3.4 Suite D — Scope + governance (3 scenarios)

# Name What it proves Primary primitives Runner
S7 Scope visibility matrix Each (scope, caller_scope) pair produces correct visibility as_agent filter, scope metadata (partial — Task 1.5 ongoing)
S8 Auto-tagging round-trip Agent writes without tags; tags appear; recall-by-tag works memory_auto_tag (requires Ollama-backed droplets)
S12 Agent registration (Task 1.3) memory_agent_register on A visible to B's memory_agent_list memory_agent_register, memory_agent_list 12_agent_register.py

3.5 Suite E — Resilience + observability (5 scenarios)

# Name What it proves Primary primitives Runner
S13 Concurrent write contention Two agents updating the same row converge to a consistent outcome memory_update, memory_store 13_concurrent_contention.py
S14 Partition tolerance Temporary peer loss → recovery → convergence within bounded time federation sync 14_partition_tolerance.py
S15 Read-your-writes Writing agent sees its own write immediately (no settle required) memory_store, memory_recall 15_read_your_writes.py
S17 Stats consistency memory_stats returns equal counts across peers post-settle memory_stats 17_stats_consistency.py
S18 Semantic query expansion Semantic recall surfaces memories written under synonyms, across writers memory_expand_query, memory_recall 18_query_expansion.py

3.6 Suite F — Topology variants (2 scenarios)
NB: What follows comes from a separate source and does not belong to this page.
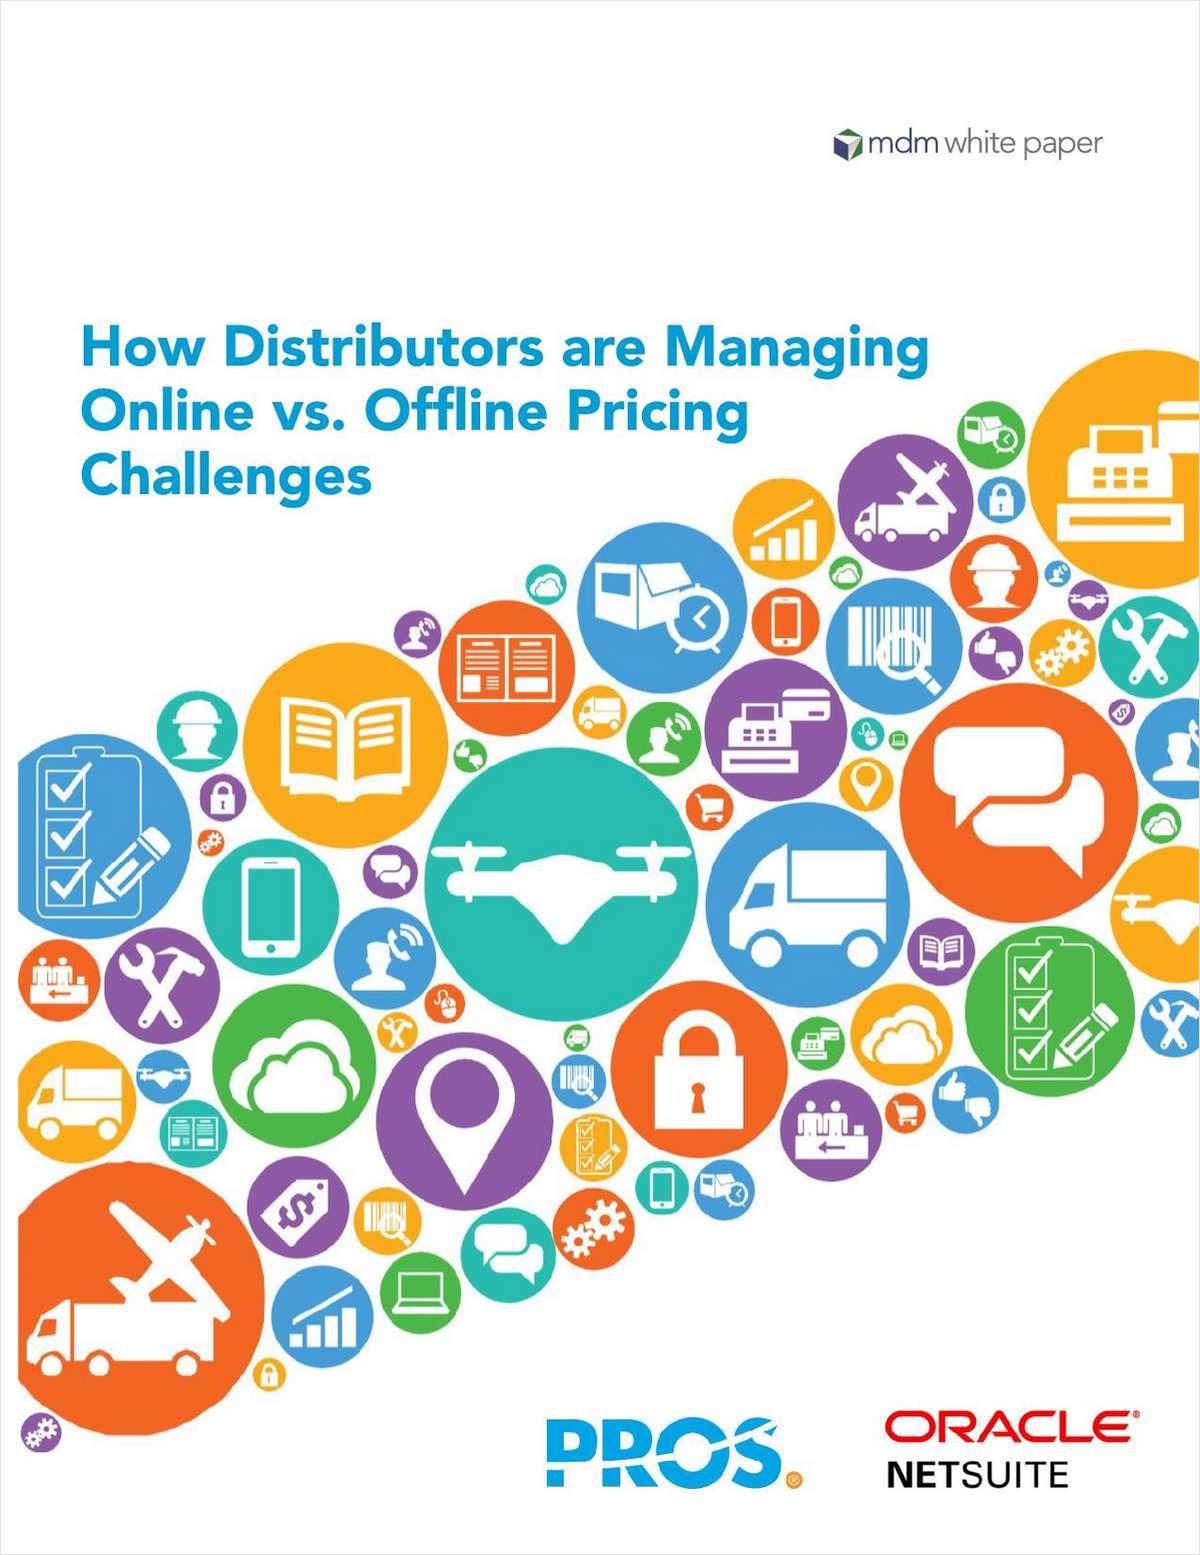 How Distributors are Managing Online vs Offline Pricing Challenges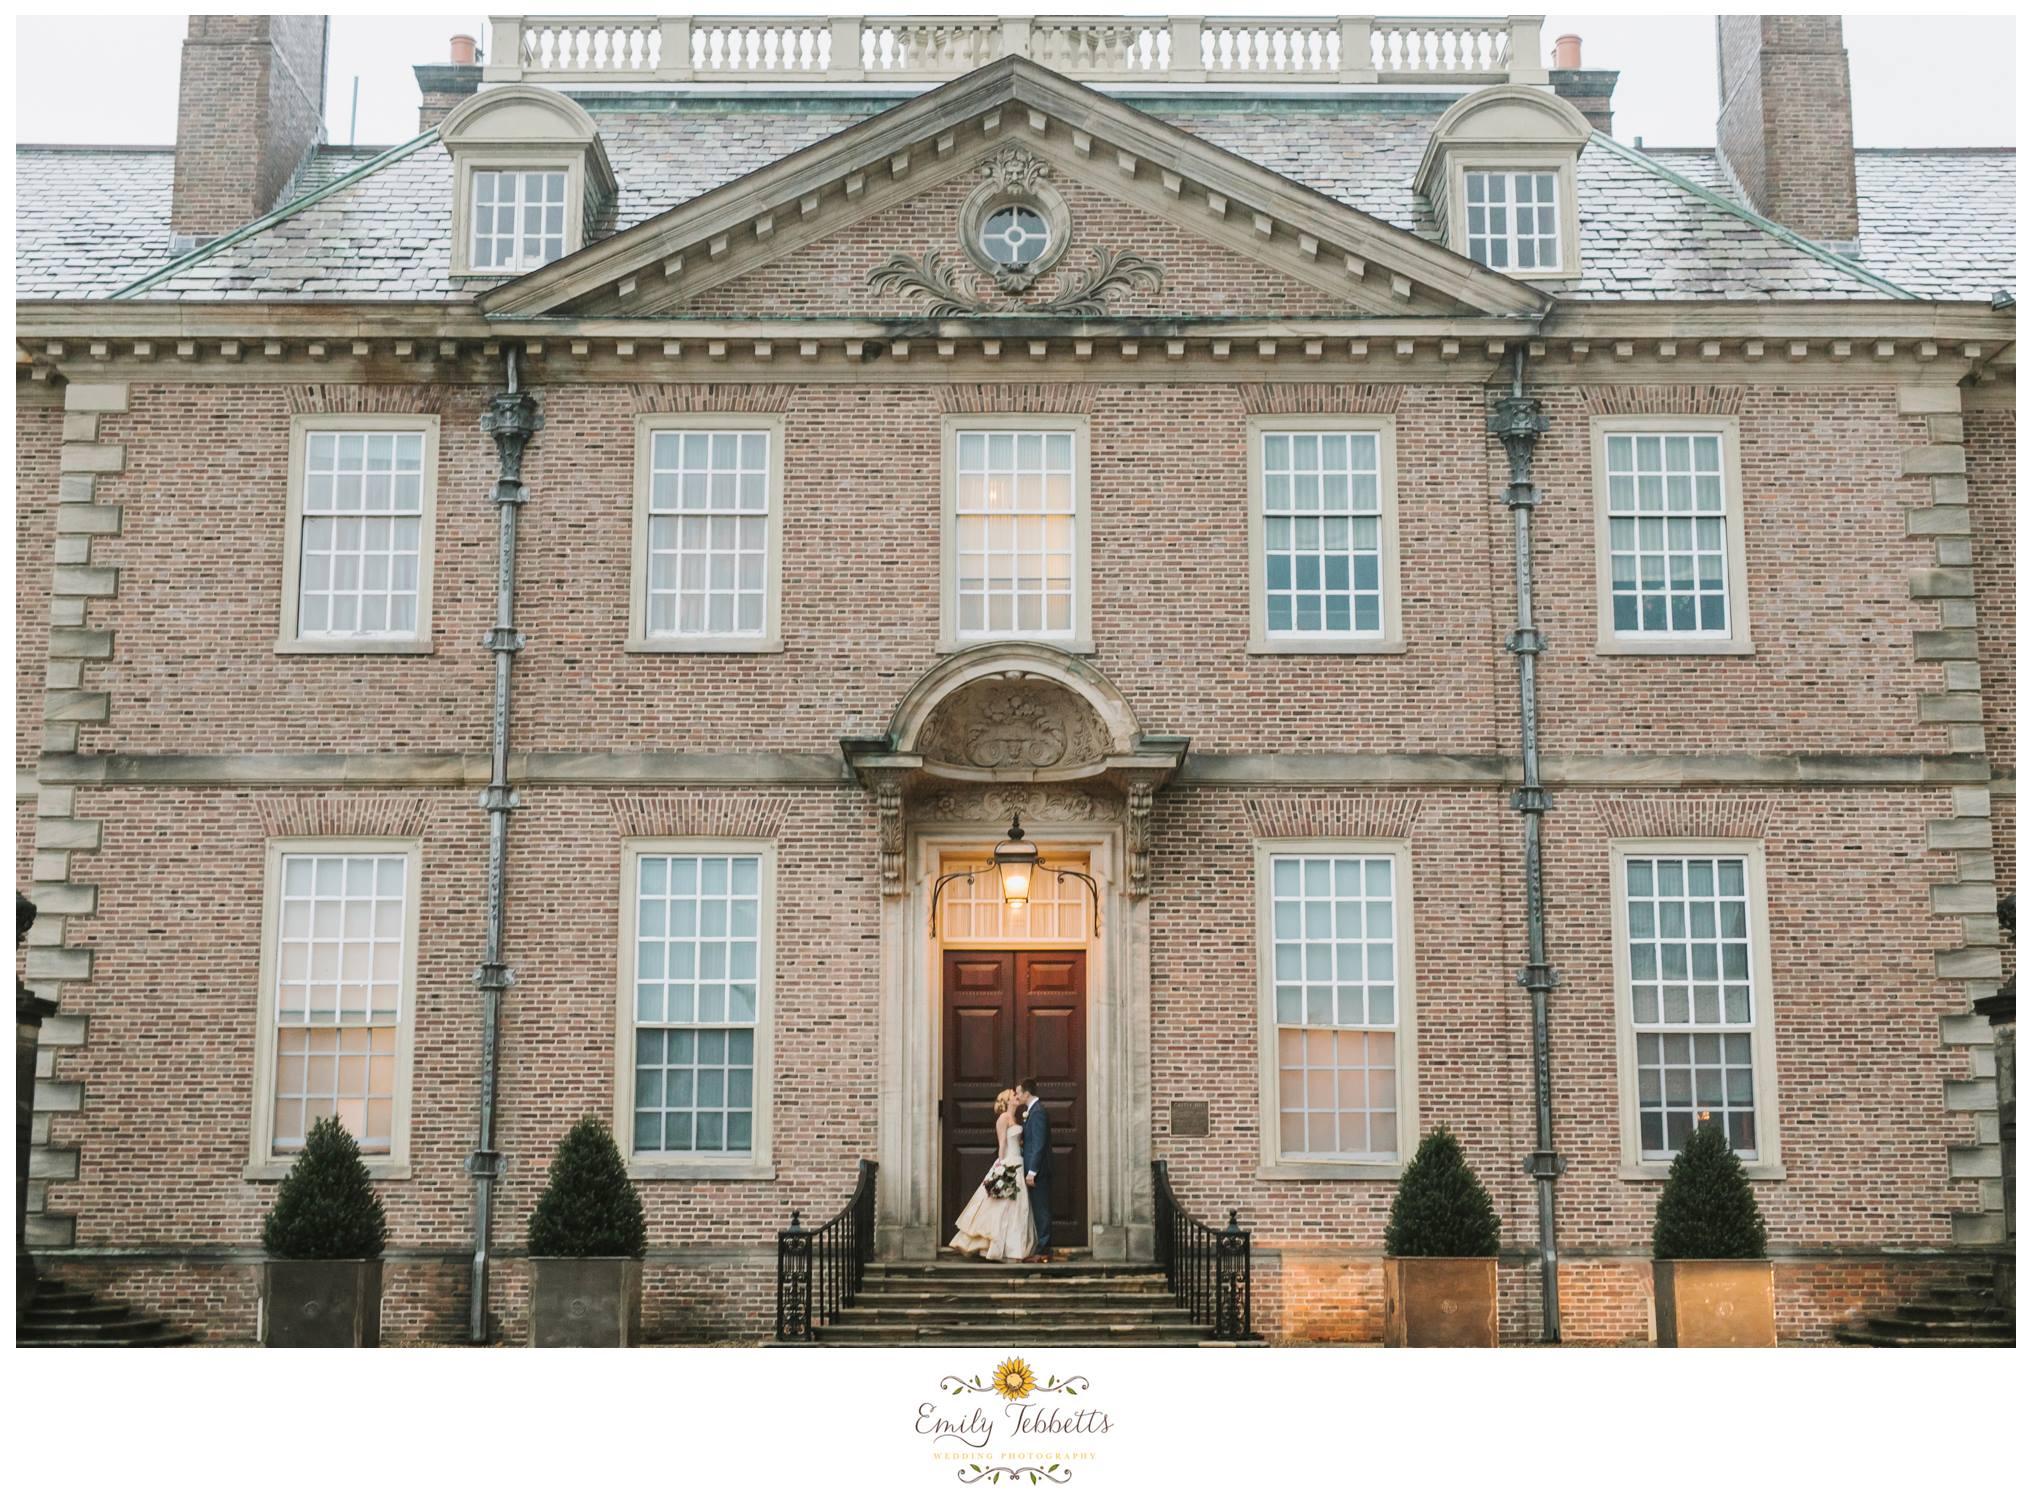 Crane Estate, Ipswich, MA - Emily Tebbetts Wedding Photography 1.jpg

# Name What it proves Primary primitives Runner
S4 Federation-aware concurrent writes (quorum burst) Quorum preserved under N-agent concurrent write burst federation quorum 4_federation_burst.py
S19 Same-node A2A Two agents on ONE droplet share local ai-memory without federation memory_store, memory_recall (same-node) (planned, testbook v2.0.0)

4. Tranche 2 — TLS / mTLS (shipped v3.0.0)

Enabled via tls_mode: tls | mtls workflow input. Adds F6/F7 baseline probes and the scenarios below. See ai-memory integration for the cert material layout.

# Name What it proves Gates
F6 Server TLS handshake Every peer presents a valid server cert; rustls completes TLS 1.3 baseline (when tls_mode ≥ tls)
F7 mTLS client-cert enforcement Anonymous client must be rejected; off-allowlist fingerprint must be rejected; on-allowlist must succeed baseline (when tls_mode = mtls)
S20 mTLS happy-path Agent with valid client cert writes/reads across the federation scenario
S21 Anonymous client rejected POST /api/v1/memories without client cert → handshake rejected scenario

5. Tranche 3 — Adversarial + cross-framework (shipped v3.0.0)

# Name What it proves Category
S22 Identity spoofing X-Agent-Id vs body.metadata.agent_id precedence honored; stored identity is one of the declared values, never a silent third identity
S23 Malicious content fuzz SQL-like, XSS, NUL bytes, oversize (~1 MB), unicode+RTL: no crash, no injection, oversize cleanly rejected or round-trip faithful, others byte-for-byte preserved robustness
S24 Byzantine peer Node-2 crafts a sync_push claiming sender=ai:alice; node-3 preserves declared metadata.agent_id (no silent re-attribution) or rejects federation integrity
S25 Clock skew tolerance Node-3 offset +300 s; alice's write from node-1 still converges to node-3 via vector clocks time
S26 Mixed-framework campaign IronClaw + Hermes on same VPC; writes cross readable both directions cross-stack
S27 OpenClaw legacy regression openclaw-only campaign regression lane (skipped unless agent_group=openclaw) legacy

6. Tranche 4 — Uncovered primitive coverage (shipped v3.0.0)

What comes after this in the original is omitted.